Quote:From the DX9 docs on IDirect3DDevice9::EndScene()
There should be at most one BeginScene/EndScene pair between any successive calls to present (either Present or Present). BeginScene should be called once before any rendering is performed, and EndScene should be called once after all rendering for a frame has been submitted to the runtime. To enable maximal parallelism between the CPU and the graphics accelerator, it is advantageous to call EndScene as far ahead of calling present as possible.


From this I gather that your 3) would be better since it maximizes the time between the EndScene() call and the following Present() call. I don't have a working project right now to experiment with so I can't try it out though.

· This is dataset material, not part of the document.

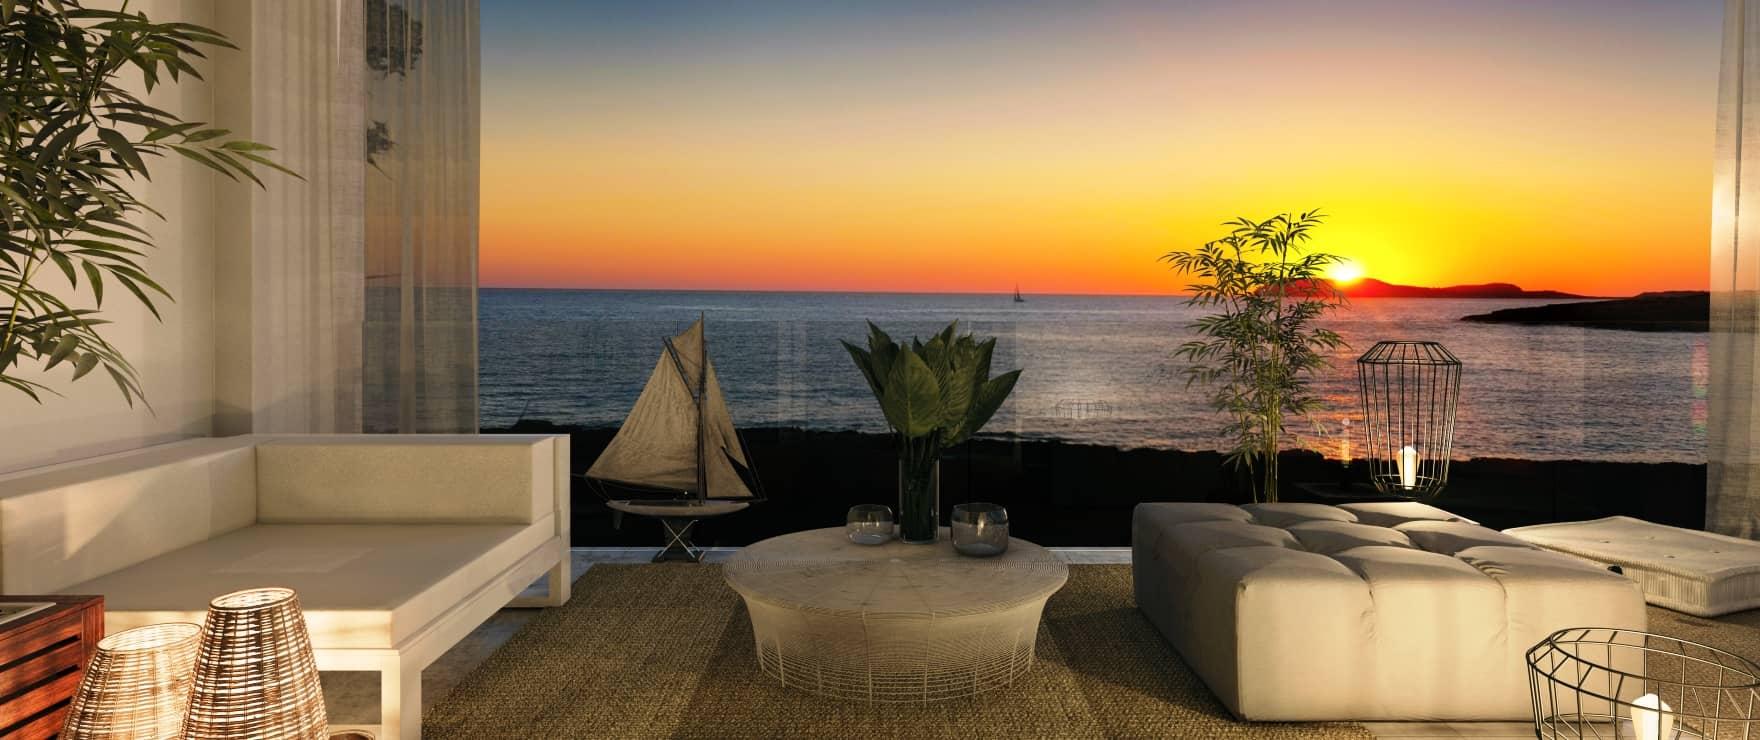 Sunset Ibiza - Cala Gracio (Ibiza)

Oh, and that's for DirectX. I don't know how to treat it in more general terms.
Hack my projects! Oh Yeah! Use an SVN client to check them out.BlockStacker
Well that's the exact line of the SDK that made me switch from 2 to 3. I did a profiling test to support this, but the results were a little contradictive. My test was roughly like the following:

int SleepMs = 0; // Runtime-alterable value

WndProc
{
FrameMove();

// 3) Present();
Render();
// 2) Present();
}

FrameMove
{
update all particles
do a null while loop for SleepMs milliseconds.
}

Render
{
Render the particle system.
}

In test 3, I presented right before render, and in test 2 I present after render. I don't have the exact values right now, but in general my FrameMove() was very fast, and almost all time went waiting for the Present(). I tried to alter the time spent in FrameMove() with the SleepMs variable and see if it would matter in either case. But surprisingly the result I got is that it didn't matter at all whether I rendered or presented first. That kinda says my diagram is wrong, but how/why?
If you had been getting worse performance with 3) then I would have been surprised. The result that the two methods don't differ doesn't say anything at all unless you get the same result for a number of different scenes. Obviously you would need an update function with significant time usage as well as enough render work to occupy the GPU during significant time each frame. Even if the Update() funciton takes some time to complete, this will not slow the system down if the GPU load is small enough to make the flip soon after the Present() call. You'd probably need to try this out on some scene where you have low FPS and a substantial update time each frame to see any effects at all.
Hack my projects! Oh Yeah! Use an SVN client to check them out.BlockStacker
I haven't used any graphic APIs in many months, so I'm wondering is it possible to see if D3D is ready to flip? If it's then I would divide my logic into smaller chunks and everytime one chunk completed I would check if I could flip, if I could flip then I would and after that I would return to updating the logic at the same point I was before. If updating logic finishes before flipping then I would just sit idle and wait for D3D to be ready (by calling Present).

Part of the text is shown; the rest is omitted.